A groundbreaking study from cancer researchers at The Kids Research Institute Australia has identified a promising new therapeutic strategy for children battling the most common childhood cancer – B-cell acute lymphoblastic leukaemia (B-ALL).
While overall survival rates for B-ALL have reached nearly 90% over the past 50 years, certain sub-groups continue to face poor outcomes. The discovery brings a new approach to treating children who face these tougher cases of leukaemia.
B-ALL starts in the bone marrow – the soft tissue inside bones where blood cells are made. In children with B-ALL, the disease often causes bone damage. One reason for this damage is the activity of a bone cell called osteoclasts. Osteoclasts, which normally help in bone remodelling, have now been found to cause the bone loss often observed in children with leukaemia.
The study focused on whether targeting osteoclast cells with the bone-protecting treatment zoledronic acid (ZA) could not only restore bone health in children but also enhance overall treatment efficacy for children with B-ALL.
Co-head of the Institute's Leukaemia Translational Research Team, Associate Professor Laurence Cheung, said that using zoledronic acid to target osteoclasts can really change the way we treat high-risk childhood leukaemia.
"By keeping the bone environment healthier, we see improvements in both bone strength and overall survival when ZA is added to the usual treatments,” Associate Professor Cheung said.
The researchers used special imaging tools to look at how bones responded to the treatment. The images showed that ZA reduced the number of osteoclasts and helped reverse the damage caused by B-ALL, such as bone loss and thinning.
The results were replicated using cells from a Perth Children’s Hospital patient – a 14-year-old boy with relapsed B-ALL. In this model, ZA again improved survival and helped restore healthy bone structure.

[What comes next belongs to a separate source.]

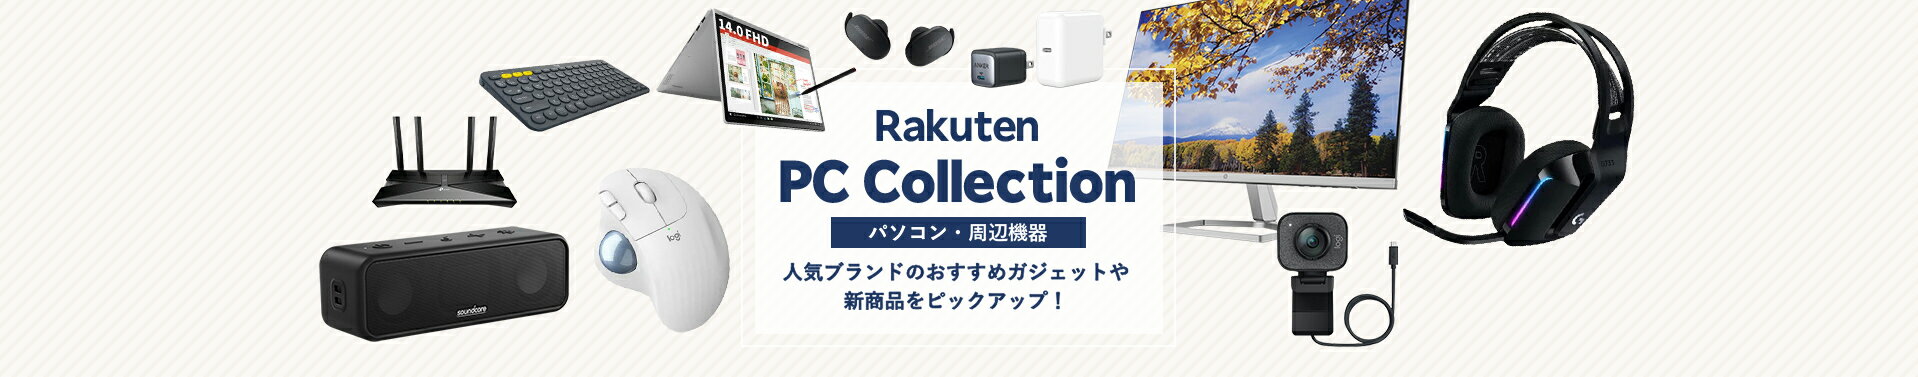 Rakuten PC Collection -パソコン・周辺機器-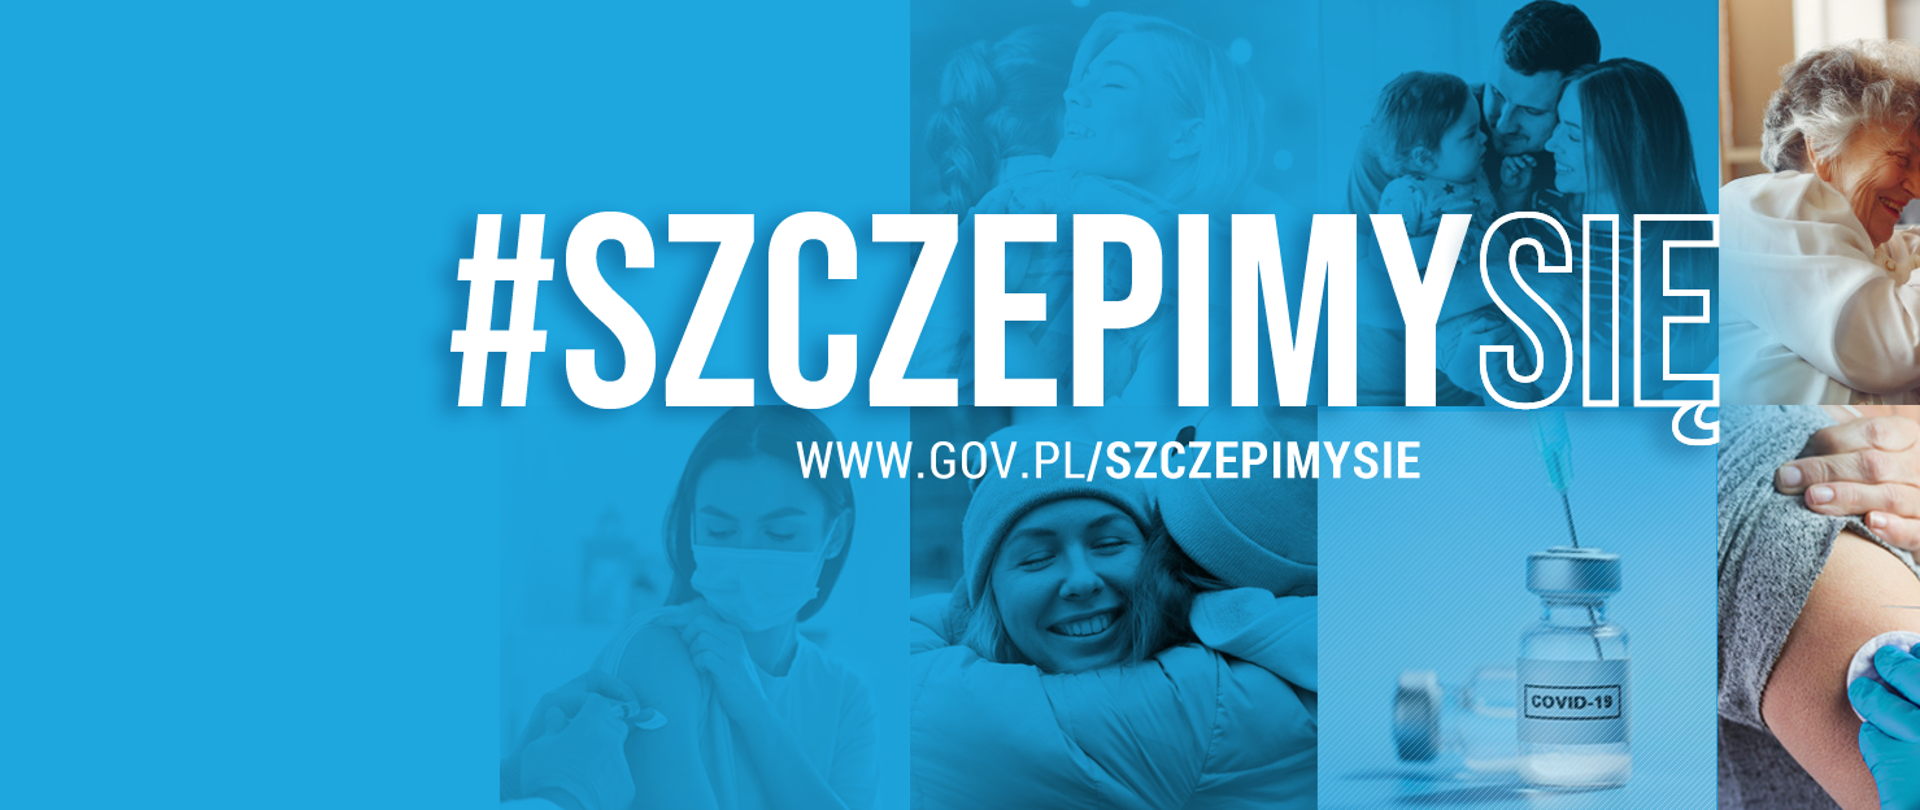 #SzczepimySię www.gov.pl/szczepimysie

The study went further by combining ZA with common chemotherapies used to treat B-ALL. Even in cases where the disease burden was high, this combination treatment led to better survival than chemotherapy alone.
The final part of the study demonstrated safety and feasibility of administering ZA to children receiving chemotherapy for B-ALL.
“In our clinical cases, we also saw that children with severe bone complications benefited from ZA,” Associate Professor Cheung said.
“It was safe to use with other treatments, and it helped reverse bone loss without causing any significant adverse effects.”
The findings show that ZA may offer a two-fold benefit for children with B-ALL: protecting their bones and boosting the effectiveness of standard cancer treatments. The research team now hopes to see clinical trials to further test ZA as a part of everyday treatment for childhood leukaemia.